The mixed state - the name alluding to a mix between depression and mania - has traditionally been viewed (more or less) as combining the dysphoria of depression with the energy of mania. Anger, agitation, restlessness and so forth.
I've been depressed and I know only too well the difference between that "active" depression and the "inactive" kind; if I had to choose, I'd always go for the latter, because at least you're in less danger of doing or saying something you later regret.
However, in the proposals for DSM-5, "mixed" episodes as such will be abolished. Instead, a depressive episode will have "mixed features" if it is associated with at least 3 of 7 symptoms normally seen in (hypo)mania. But - and here's the key novelty - those 7 are only the "good" symptoms of mania. Not things like anger, irritability, insomnia or 'aimless' hyperactivity. (Edit: There are also separate criteria for "mixed" manic and hypomanic episodes).

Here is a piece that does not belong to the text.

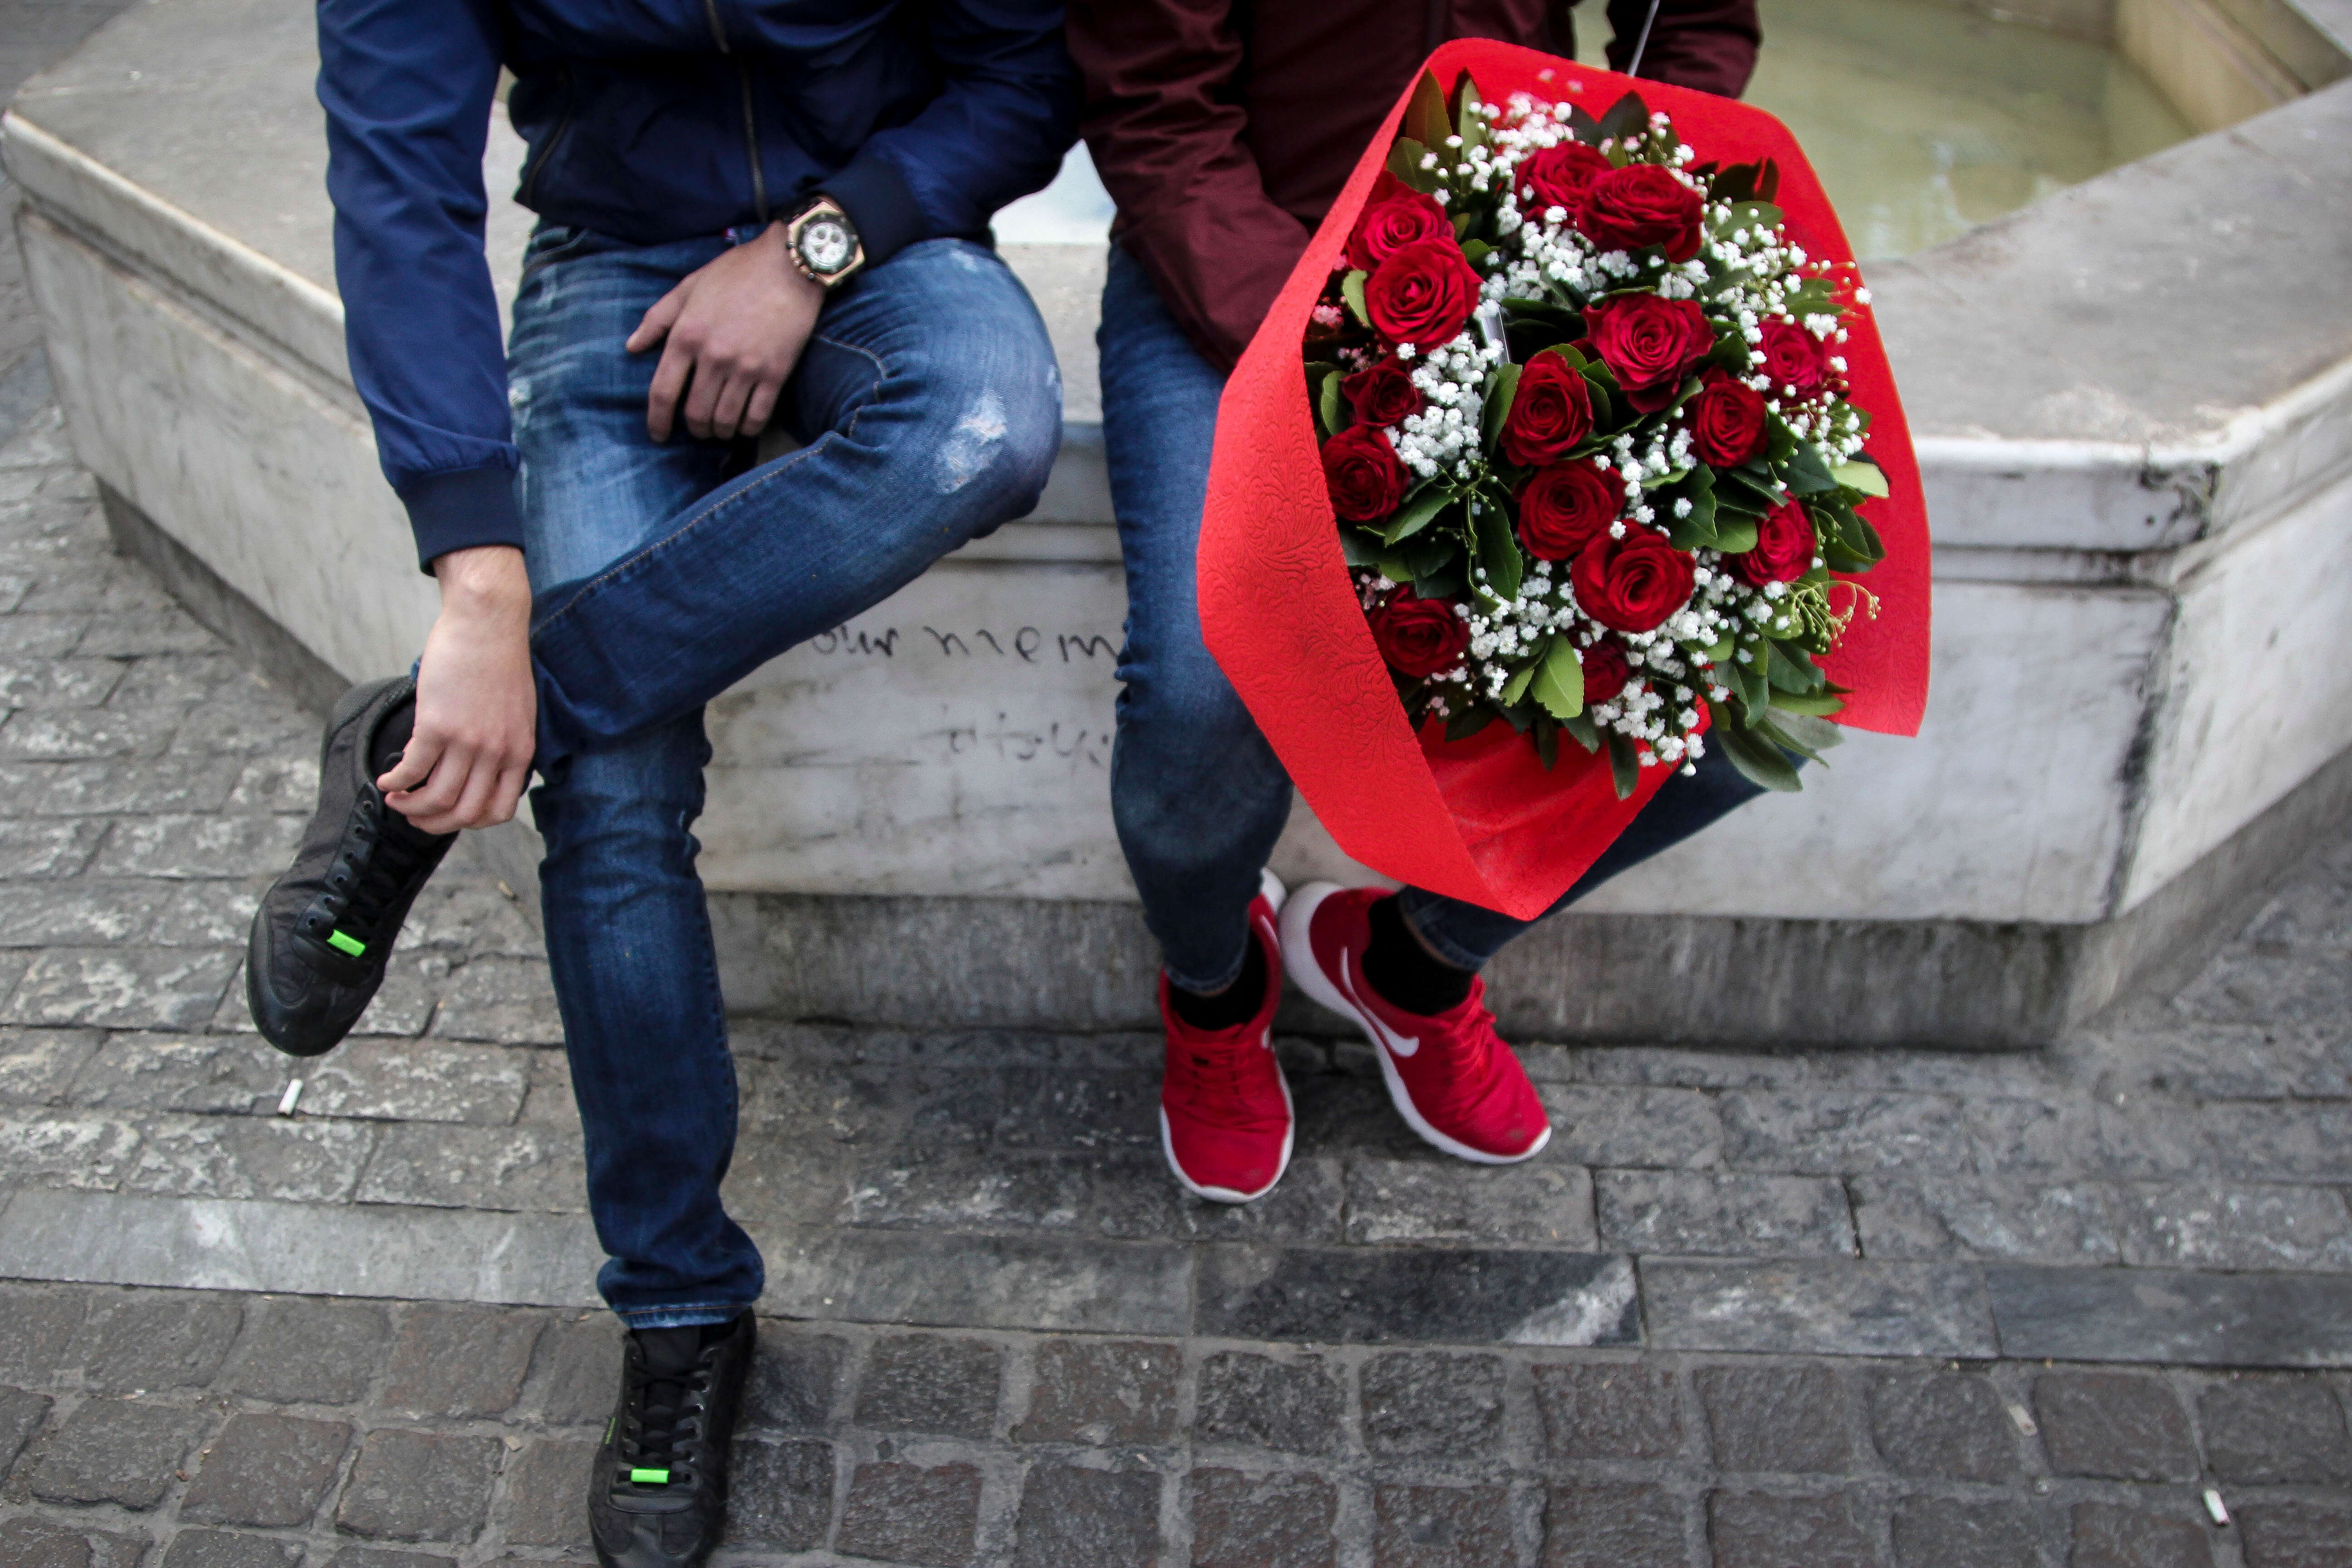 Θεσσαλονίκη: Με κόκκινα τριαντάφυλλα και πάστες σε σχήμα καρδιάς γιορτάστηκε ο Άγιος Βαλεντίνος
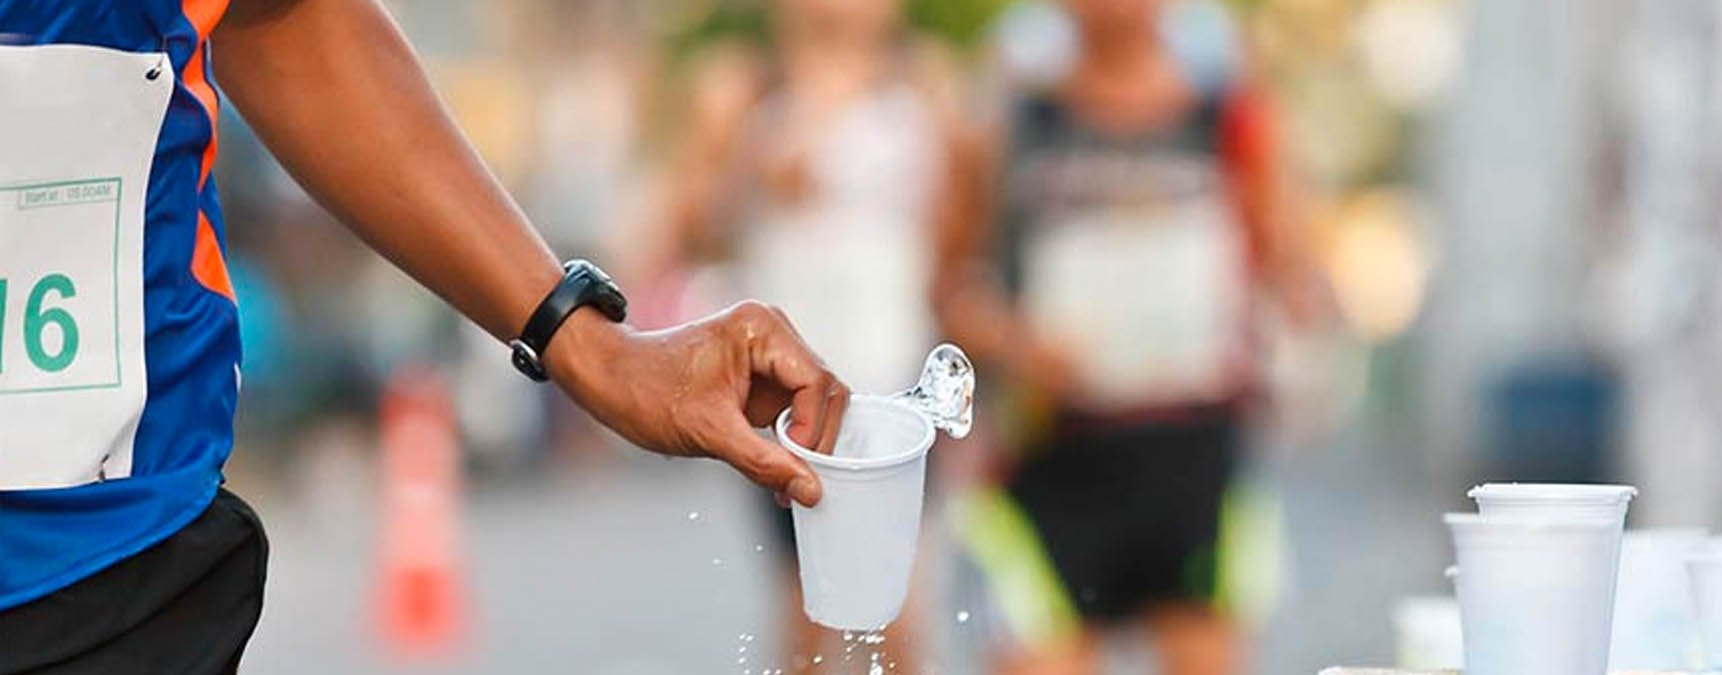 Deshidratación en los deportes de larga duración: cómo evitarla

What will this mean? In a new paper, psychiatrists Perlis, Cusin, and Fava tried to find out. The large STAR*D antidepressant trial recruited people with depression, but it gave everyone the Psychiatric Diagnosis Screening Questionnaire (PDSQ), amongst many other measures. This helpfully included six items on "mania symptoms", which correspond pretty closely to the DSM-V proposed "mixed" features.
Perlis et al found that depressed patients who reported experiencing these "mixed" items had a better response to antidepressant treatment. The more mixed symptoms, the more likely they were to get better on the common SSRI citalopram, even adjusting for other variables.
That's the exact opposite of what you'd expect from a measure of "mixed states", as these are thought to be less responsive to antidepressants - maybe even caused by them. There was no placebo group, so it's unclear why they got better, but either way, it's unexpected; the authors declare themselves "surprised". Hmm. What a mystery...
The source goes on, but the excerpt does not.